Following this work, they then observed that infact they could train an autoencoder entirely classically, and then use the embedding vectors for all the training data as-in the setup above to train a kind of hybrid generative system:
I must say that I found this both interesting and confusing. It’s interesting because it’s a great way to use the complicated device to do “real” work, even when it has alone a very small amount of input nodes (it was something like 46, here, for this device). But it’s also confusing because most of the “juice” in the network is in the classical weights, not in the embedding vector itself. When I asked Alejandro about this, he said that it was mainly a way to demonstrate the hybrid set up, and that over time the idea is to make more regions quantum, and see how that changes things. I find it very interesting to think about how one would even go about jointly training a hybrid quantum-classical system.
The next idea he covered was the learning of quantum circuits see also Differentiable Learning of Quantum Circuit Born Machine.

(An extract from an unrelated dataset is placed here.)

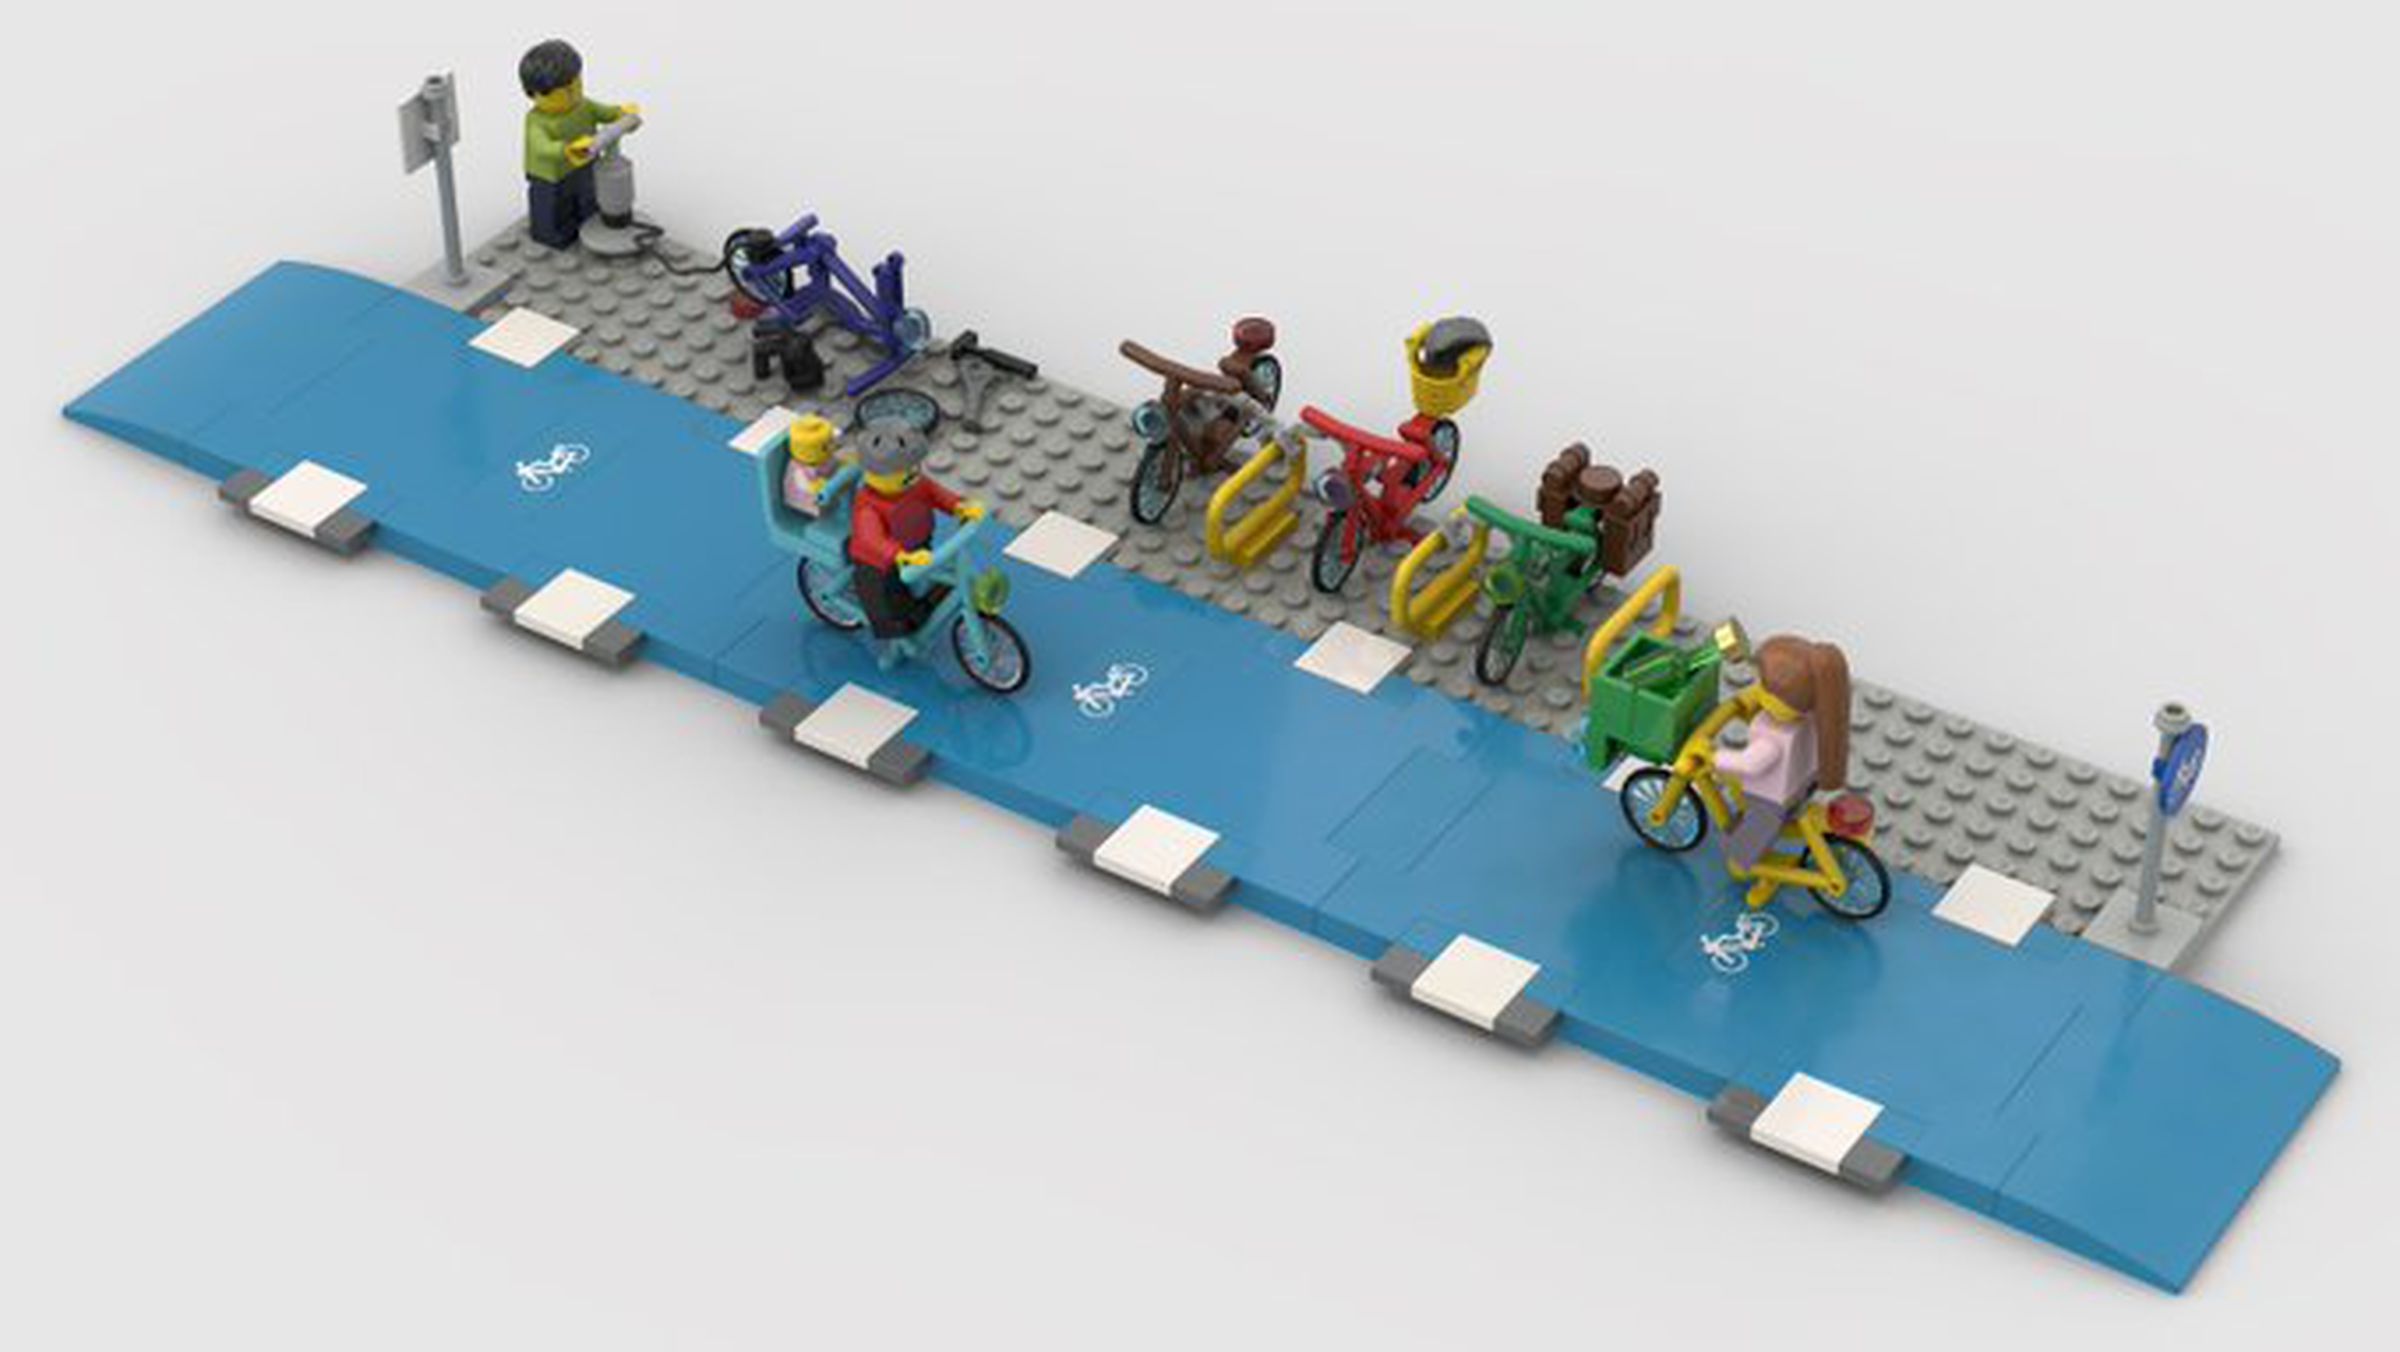 ﻿Imagining what Lego bike lanes could be.

This I think is a particularly great idea, and his approach was to focus on generate certain kinds of entangled states, with great results. They managed to find a state that has more entanglement, compared to the standard one, with this scheme. They also made some interesting observations about the expressive power of the depth of the circuits and what kind of states they can possible prepare.
His final insights were:
- Focus on the hardest problems of interest to ML exports, as this will be the quickest path to demonstrating a quantum advantage in the near-term.
- Focus on novel hybrid quantum-classical approaches.
For lunch, Gala and I decided to enjoy the beautiful park right next to the venue! By chance, there was a beer garden inside!
Machine learning for designing new quantum experiments
by Alexey Melnikov
This talk was essentially another kind of program-synthesis problem, but this time in the language of optical elements. The idea is that, given some set of optical elements, and some number of qubits, how can we find all the possible sets of operations that make entangled states?
Their new idea is to use a Reinforcement-Learning-inspired framework called “Projective Simulation“. I must say that I found the framework a little odd, but they did get good results, and it’s available as a python library for you to experiment with!
The Quantum Way of Doing Computations: New Technologies for the Quantum Age
by Rainer Blatt
This talk was a bit oddly-placed. It was an overview of how quantum computing works, and an introduction to the trapped-ion style of quantum computing.
The last event of the day was a very large panel of most of the speakers (~10 people) with a bunch of questions prepared by the organisers that were aimed to be thought-provoking. The best comment that came out of the entire discussion was from Matthias Troyer:
“That’s how you get a quantum advantage with zero qubits”
He was describing the recent work by Ewin Tang: A quantum-inspired classical algorithm for recommendation systems(which we actually already covered here).
Open areas of investigation
Here’s the list of open/interesting topics from today:
- Quantum datasets; benchmark problems,
- Detecting entanglement?
- Creation of states?
- Classifying entangled vs. non-entangled?
- How to generalise across qubit sizes?
- Reinforcement learning problems? Quantum games? Quantum chess? Communication games?
- What does truly quantum ML look like? Let’s stop trying to map classical algorithms to quantum ones, and just make up new ones
- This hybrid idea of linking parts of a network to qubits and parts being classical
- How do you train these things?
- Near-term, if we want to do quantum ML, we should focus on what actual hardware will be used, and target our approaches to those models.
I hope you found this useful. I found most of these talks to be quite inspiring and full of ideas, and I’m really looking forward to the talks of Day 3!